In the material below, the lines from the one containing "Slim Fit Cutaway" through the one containing "lindsborg-flowers-jun15-1" are to be given again exactly, ends included, and no others.

Material supplied |
━━━━━━━━━━━━━━━━━━━━

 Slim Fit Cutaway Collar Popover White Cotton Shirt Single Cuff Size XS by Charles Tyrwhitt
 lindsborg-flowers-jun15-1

━━━━━━━━━━━━━━━━━━━━

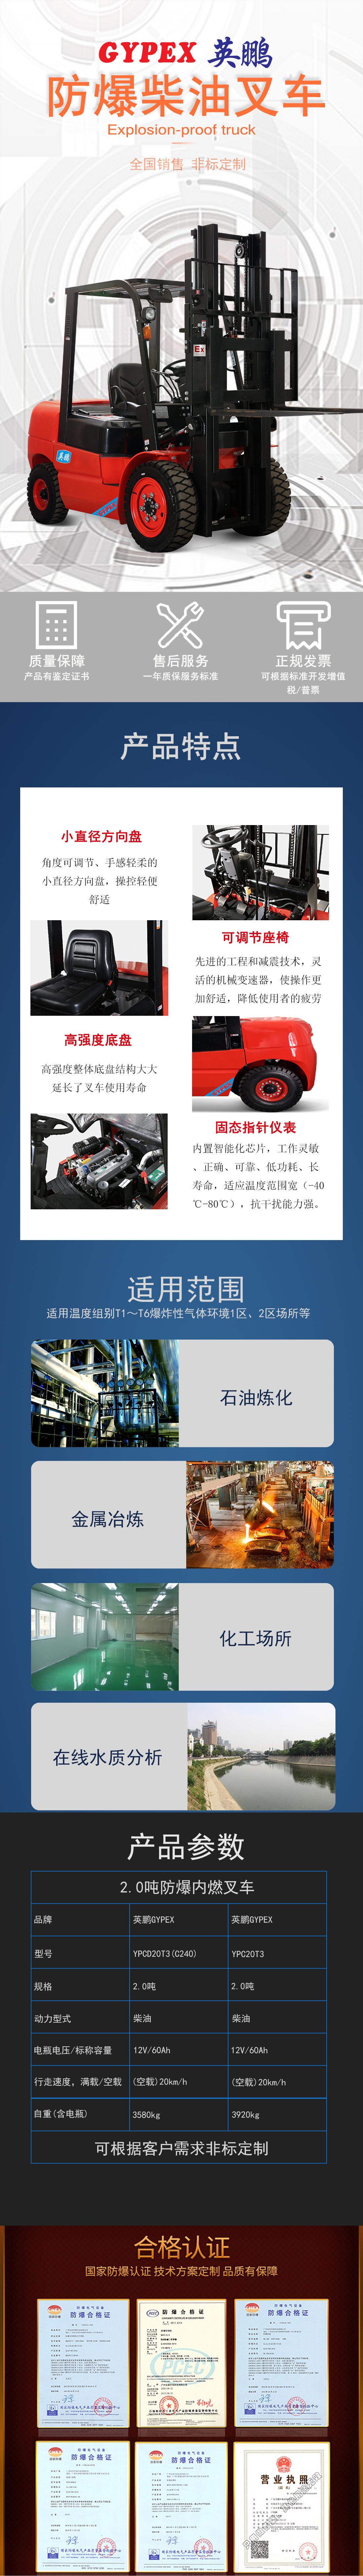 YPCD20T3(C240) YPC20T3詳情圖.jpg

━━━━━━━━━━━━━━━━━━━━

Result for this exercise |
 Slim Fit Cutaway Collar Popover White Cotton Shirt Single Cuff Size XS by Charles Tyrwhitt
 lindsborg-flowers-jun15-1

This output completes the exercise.